**Task:** Without including any pictures, copy every line below exactly.

**Exercise data:**
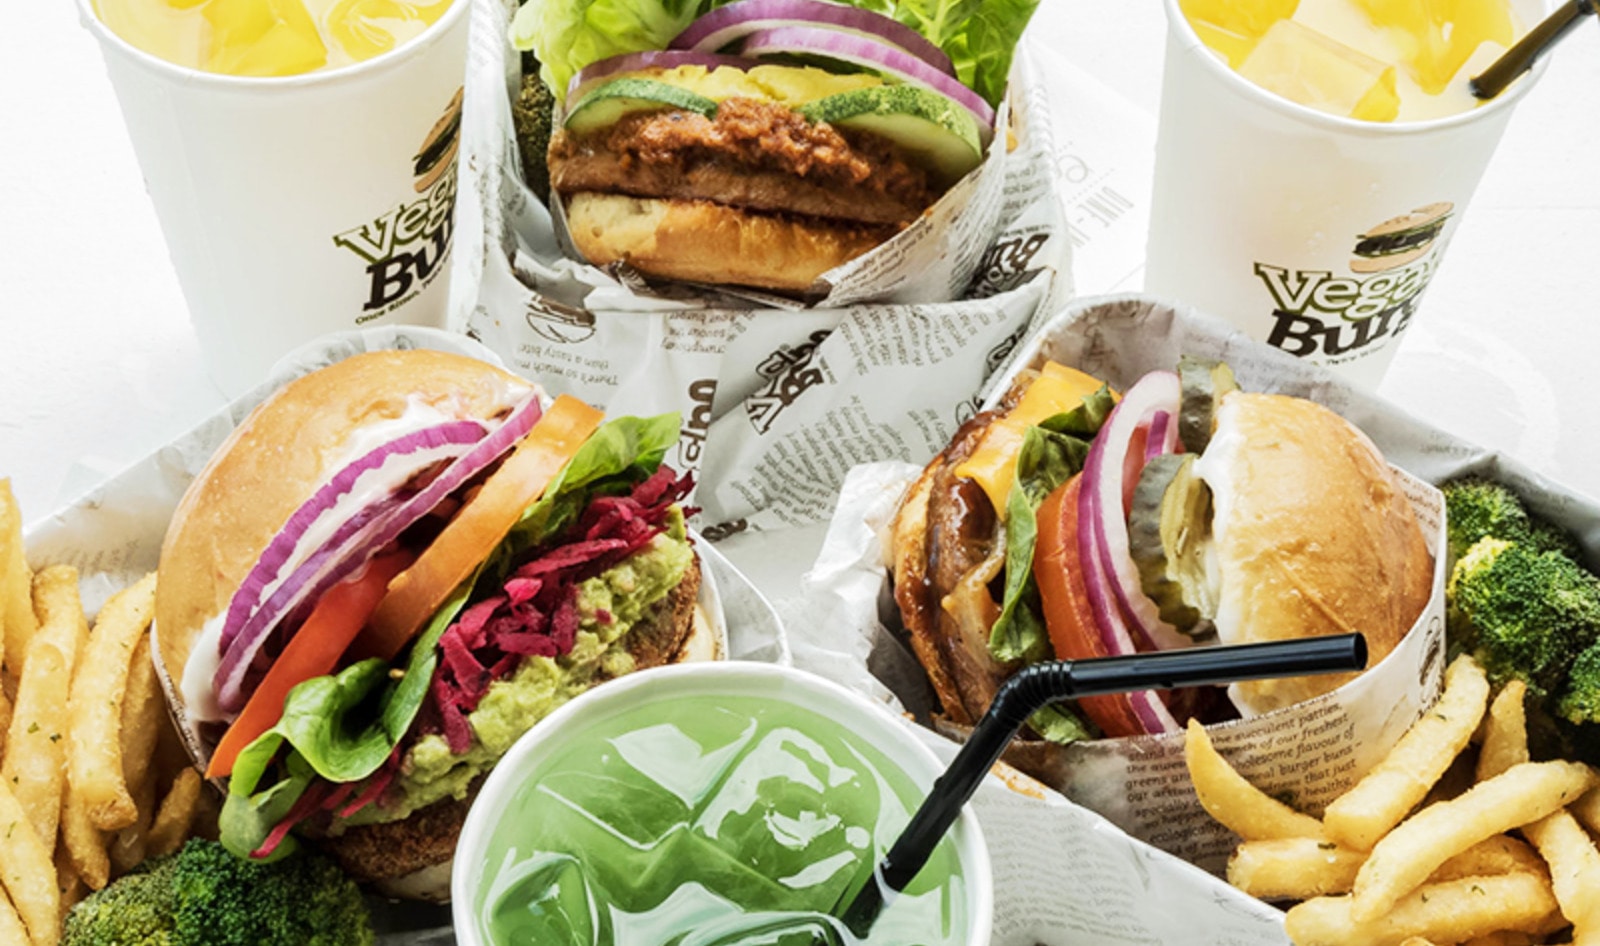 Vegan Burger Shop VeganBurg Embarks on an Expansion to Indonesia
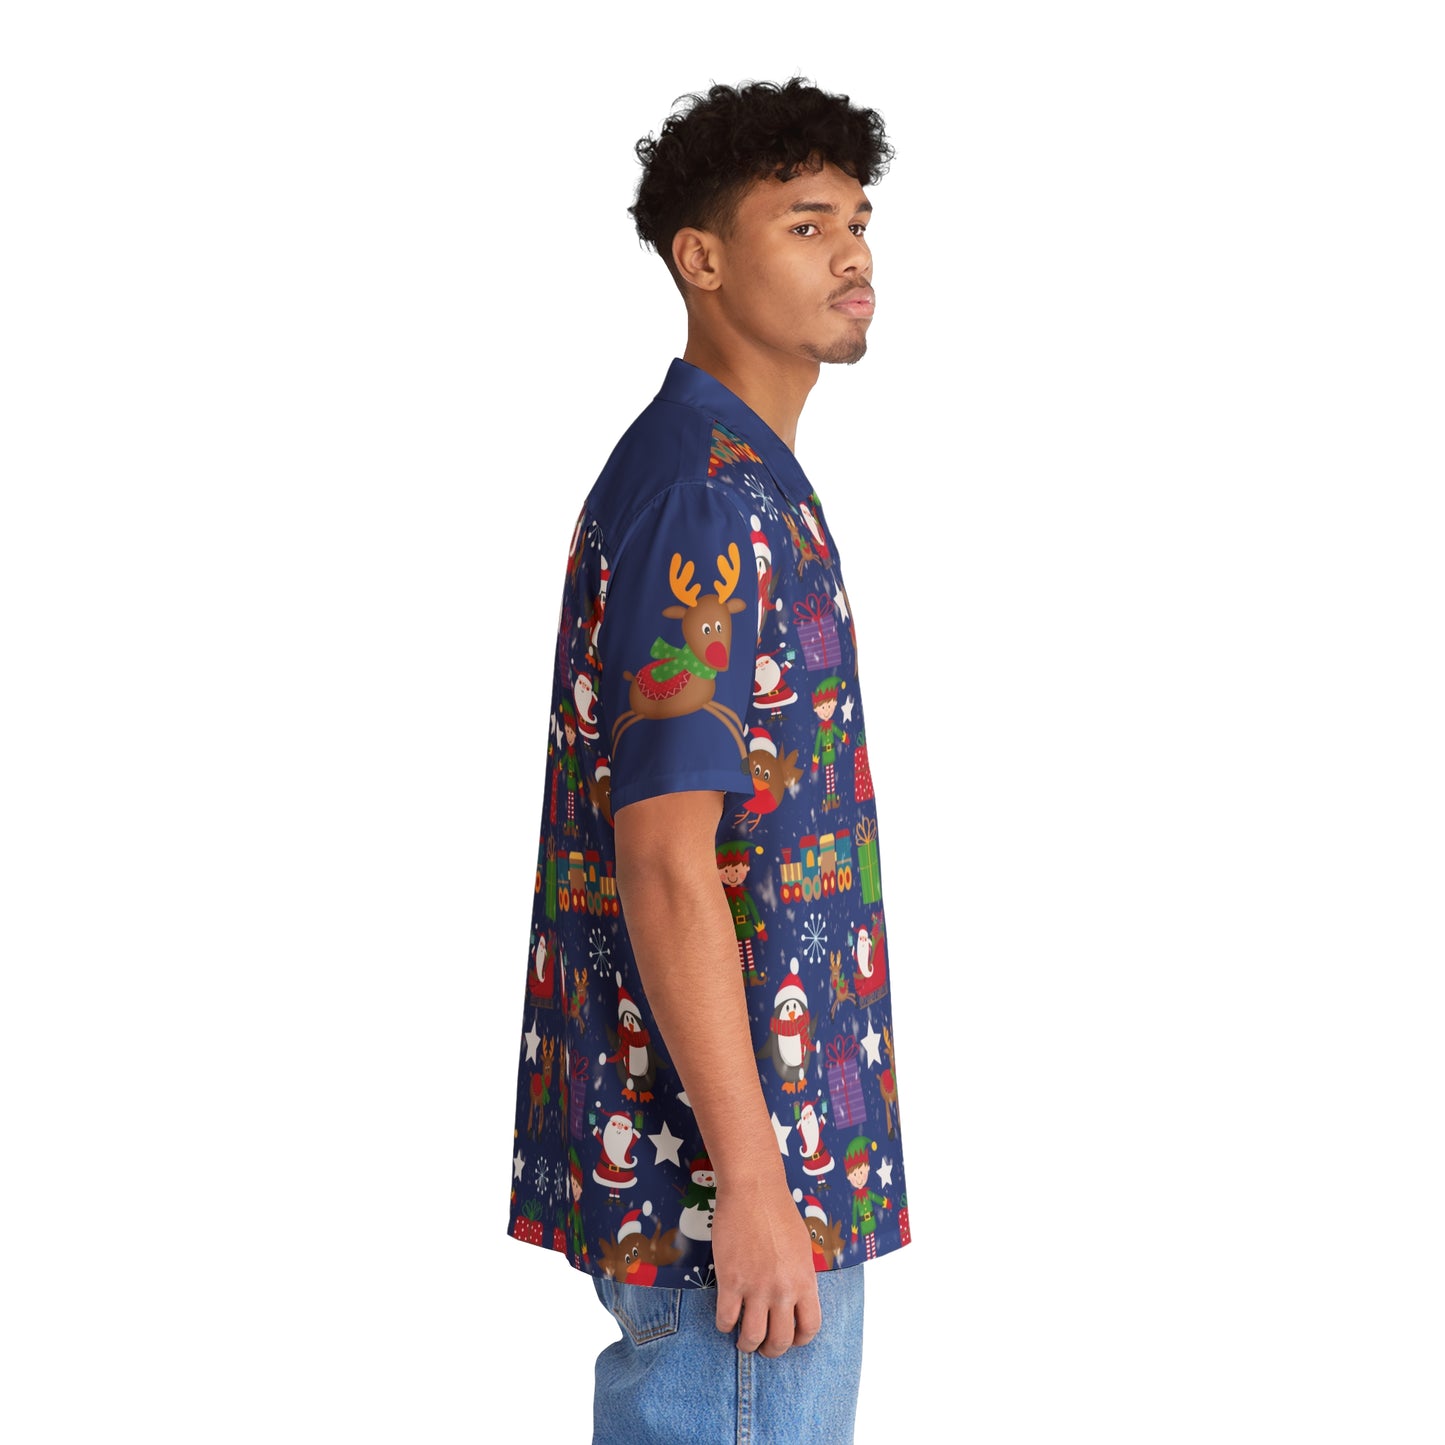 Not So Ugly - Hawaiian Style Shirt
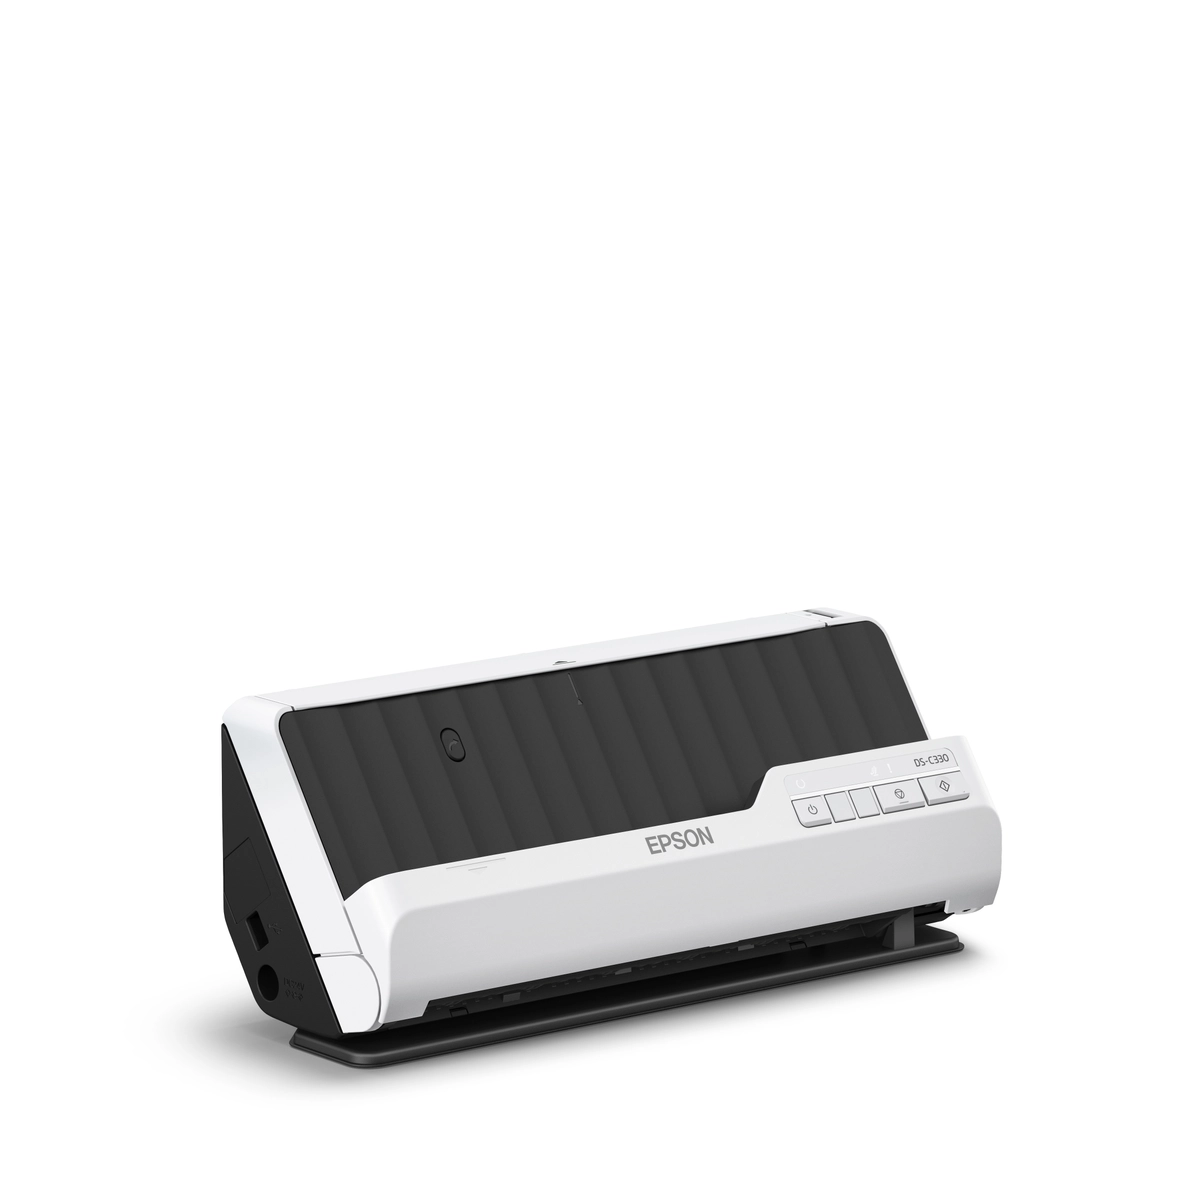 DS-C330 A4 Compact Desktop Scanner
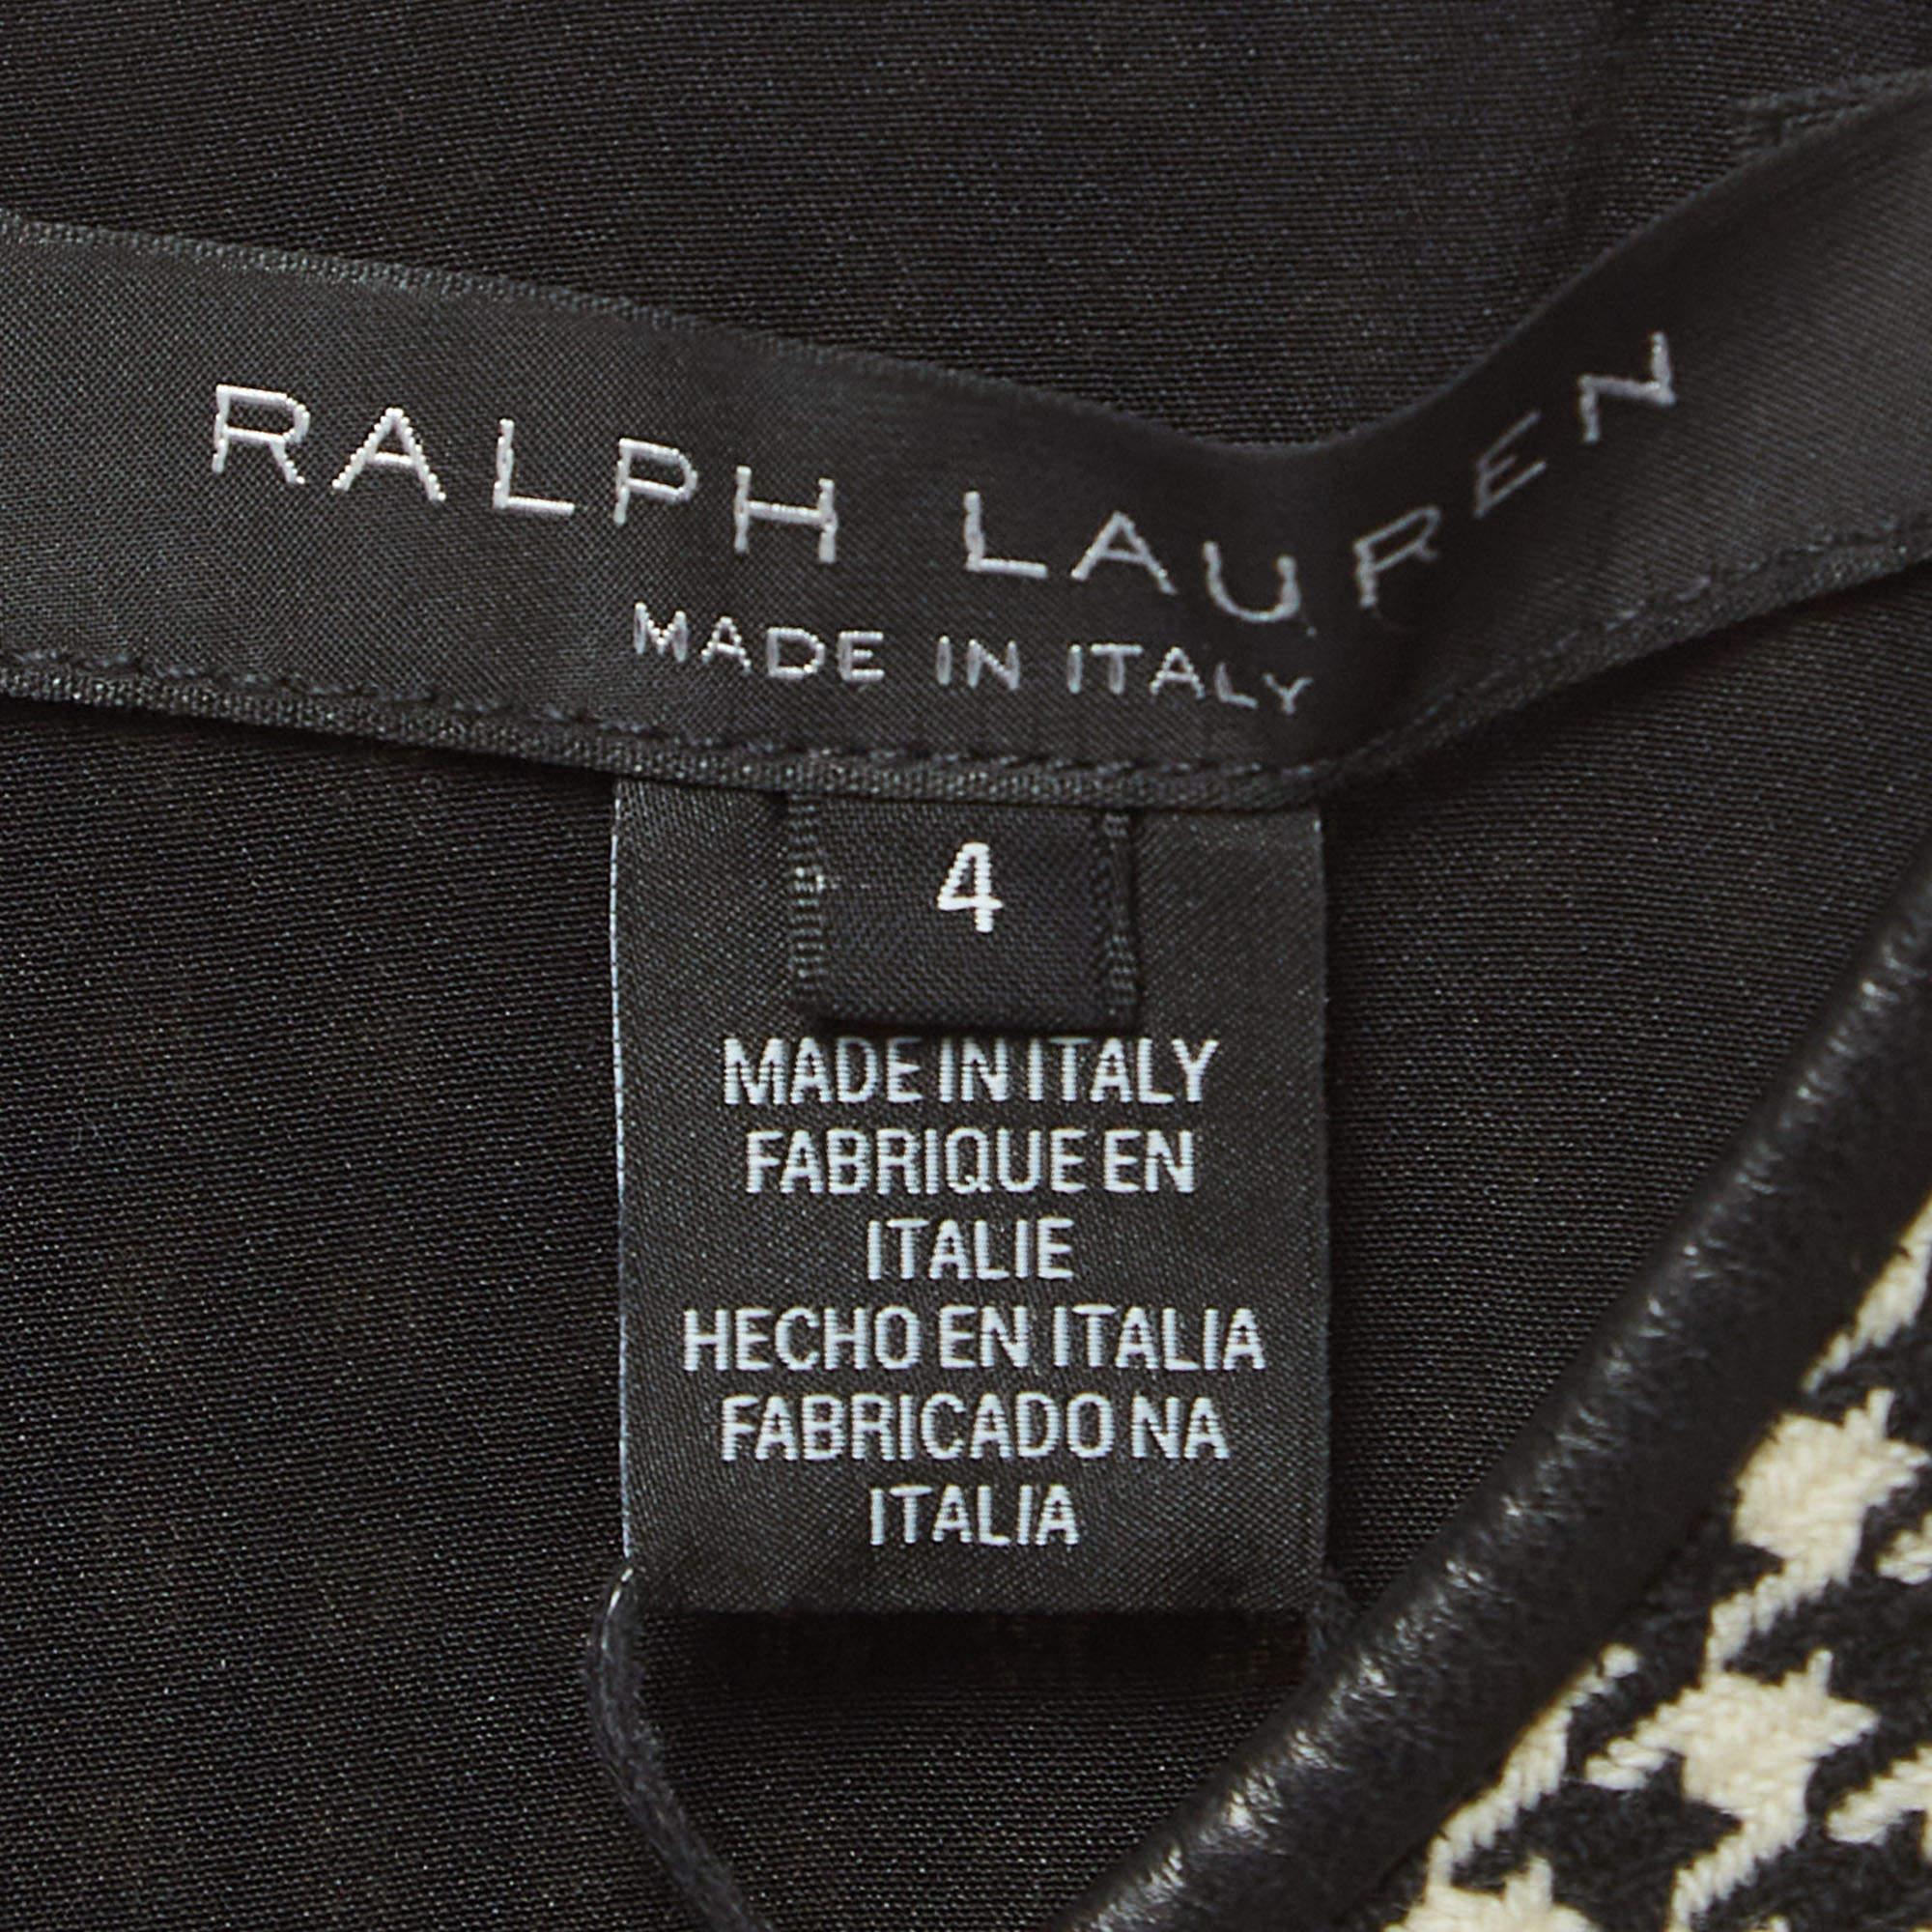  Ralph Lauren Black/White Houndstooth Patterned Wool Short Dress S Pour femmes

**Your response:**
 Vegan Burger Shop VeganBurg Embarks on an Expansion to Indonesia
 Not So Ugly - Hawaiian Style Shirt
 DS-C330 A4 Compact Desktop Scanner
  Ralph Lauren Black/White Houndstooth Patterned Wool Short Dress S Pour femmes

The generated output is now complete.